Tag Archives: Star-Spangled Banner

Battle of the Smithsonian superstars

What’s the most iconic item in the whole Smithsonian Institution?  Here’s your chance to help decide:

This is it: the ultimate competition. We’re looking for the one item that says “SMITHSONIAN” like nothing else — and you get to decide the winner.

Our museums, research centers, and zoo have picked one iconic item each as its champion in the Smithsonian Summer Showdown. These titans of the Smithsonian will battle head-to-head through three rounds until there is ONE winner! Voting for Round One ends August 4. Vote now!

My first round picks are the T. rex in the science category (natch), the issue of Wonder Woman #1 in culture, the Star-Spangled Banner in history, and the Landsdowne portrait of Washington in art.  I’ll be very surprised if the flag doesn’t emerge as the last artifact standing when the final round of voting closes.

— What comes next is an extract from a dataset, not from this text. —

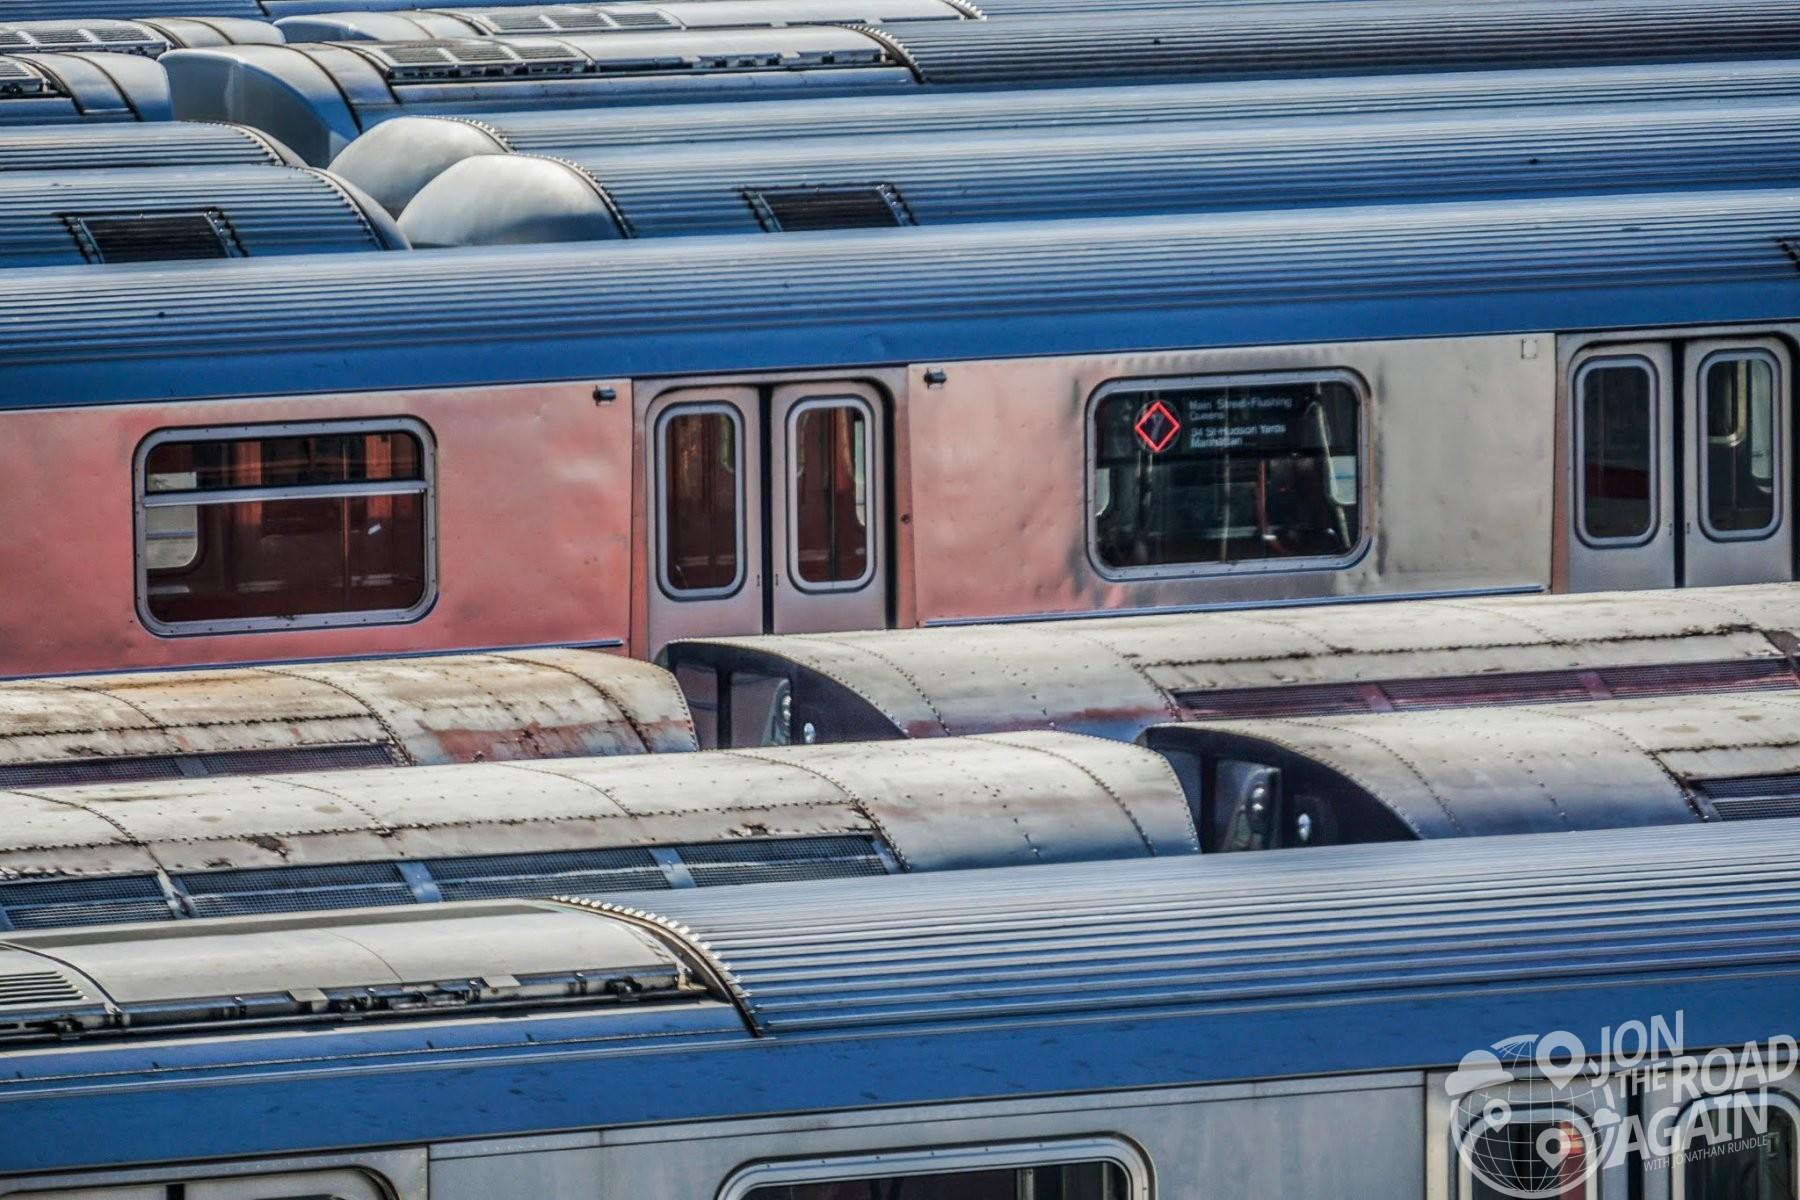 7 Line Subway Trains

You know, I think it’s the iconic “superstar” objects that really make the Smithsonian what it is as far as most people are concerned, especially when it comes to the National Museum of American History.  Despite the comprehensiveness of the collections, and despite all the work that goes into researching, writing, and installing exhibitions on particular aspects of the American experience, what most people really want to see at the Smithsonian are these one-of-a-kind treasures, the kinds of things you can see at the NMAH and nowhere else: the Star-Spangled Banner, Washington’s uniform, the ruby slippers, and so on.

Museums have changed a lot in the past few decades, but I think what still draws in most visitors is the opportunity to stand in the presence of extraordinary objects.  And there’s nothing wrong with that.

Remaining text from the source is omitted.